Optimize fmax with NAN #319

naoyam · 2023-05-10T17:43:21Z

Fp max reductions would typically look like:

  for(nvfuser_index_t i154 = 0; i154 < 8; ++i154) {
    int i299;
    i299 = 4 * i154;
#pragma unroll
      for(nvfuser_index_t i156 = 0; i156 < 4; ++i156) {
        T29[0] = fmax(
            T29[0],
            T24[(i299 + i156)]);
      }
  }

Here, fmax is is not just fmaxf, but it also incurs two more comparisons in case the arguments are NAN: https://github.com/NVIDIA/Fuser/blob/main/runtime/helpers.cu#LL102C1-L111C2

This could be translated as:

  bool is_nan = false;
#pragma unroll
  for(nvfuser_index_t i154 = 0; i154 < 8; ++i154) {
    int i299;
    i299 = 4 * i154;
#pragma unroll
      for(nvfuser_index_t i156 = 0; i156 < 4; ++i156) {
#if 0
        T29[0] = fmax(
            T29[0],
            T24[(i299 + i156)]);
#else
        T29[0] = T29[0] > T24[(i299 + i156)] ? T29[0] : T24[(i299 + i156)];
        is_nan = is_nan || isnan(T24[(i299 + i156)]);
#endif
      }
  }
  if (is_nan) {
    T29[0] = NAN;
  }

In the case of cross entropy loss (#278), I observed 20% speedup on A100.
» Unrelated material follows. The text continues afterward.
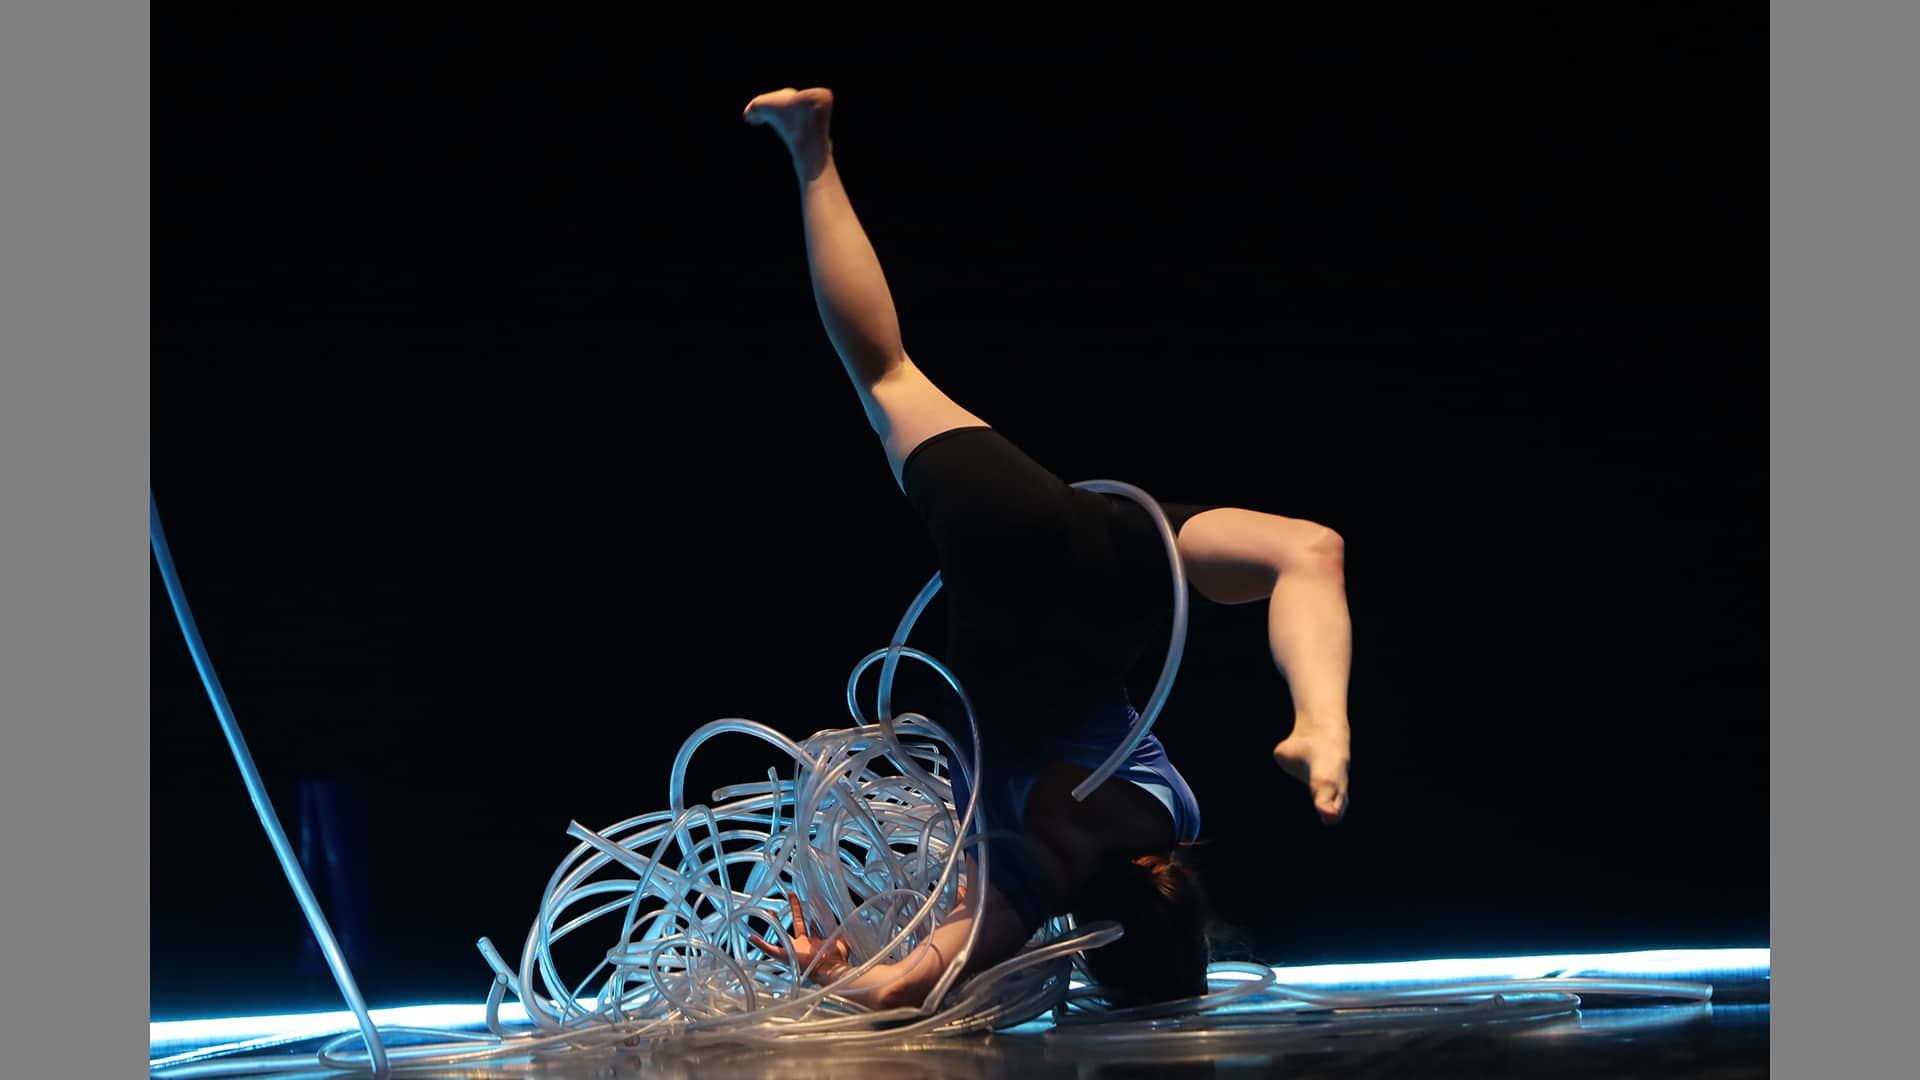 Performer is upside down, her legs in the air, bent. Her face is hidden behind a mound of plastic tubing

I think this translation could be done automatically as part of lowering. See the translation for welford vectorization.

The text was updated successfully, but these errors were encountered:

jacobhinkle · 2023-05-11T08:49:33Z

This is a good idea to speed up every call to max (and min). Furthermore in the particular case of softmax I think the nan checks could be avoided entirely since even if the max were non-nan the resulting softmax still will be nan due to the later sum, so propagation happens automatically. In that case we'd prefer a true fmaxf-style max computation with no nan check (like torch.fmax instead of torch.maximum). We could provide two different binary ops for each of min and max and add a propagate_nan=true option to the max and min functions, which we would set to false for softmax and log_softmax.

jacobhinkle · 2023-05-11T09:03:44Z

We could even determine whether nan checks can be skipped automatically without user input, but it involves a bit of a complicated traversal. We would visit each min or max op or reduction and mark the result as unchecked and the input as propagated, then move downstream from further uses of the input and from the min/max output, propagating the tags. When a pointwise binary or ternary op other than min or max has an unchecked input and a propagated input, it resolves the might-be-unchecked flag and becomes properly propagated. If we reach an output or another reduction we stop and if any output is not marked as propagated it means we can't skip nan checks in the original op.

jacobhinkle · 2023-05-11T09:56:28Z

For the propagation analysis, consider this simple example with no reductions (if we had the non-reduction maximum/minimum ops that do nan-checks):

auto tv2 = maximum(tv0, IrBuilder::create<Float>(0.0));
auto tv3 = add(tv0, tv1);
auto tv4 = minimum(tv3, IrBuilder::create<Float>(10.0));
auto tv5 = sub(tv4, tv2);
fusion->addOutput(tv5);

Currently, we would do nan checks when computing both tv2 and tv4, but we could eliminate the check on tv2 since unpropagated nans would be resolved in tv5. The analysis is similar but a little more complicated when there are reductions and broadcasts like in softmax.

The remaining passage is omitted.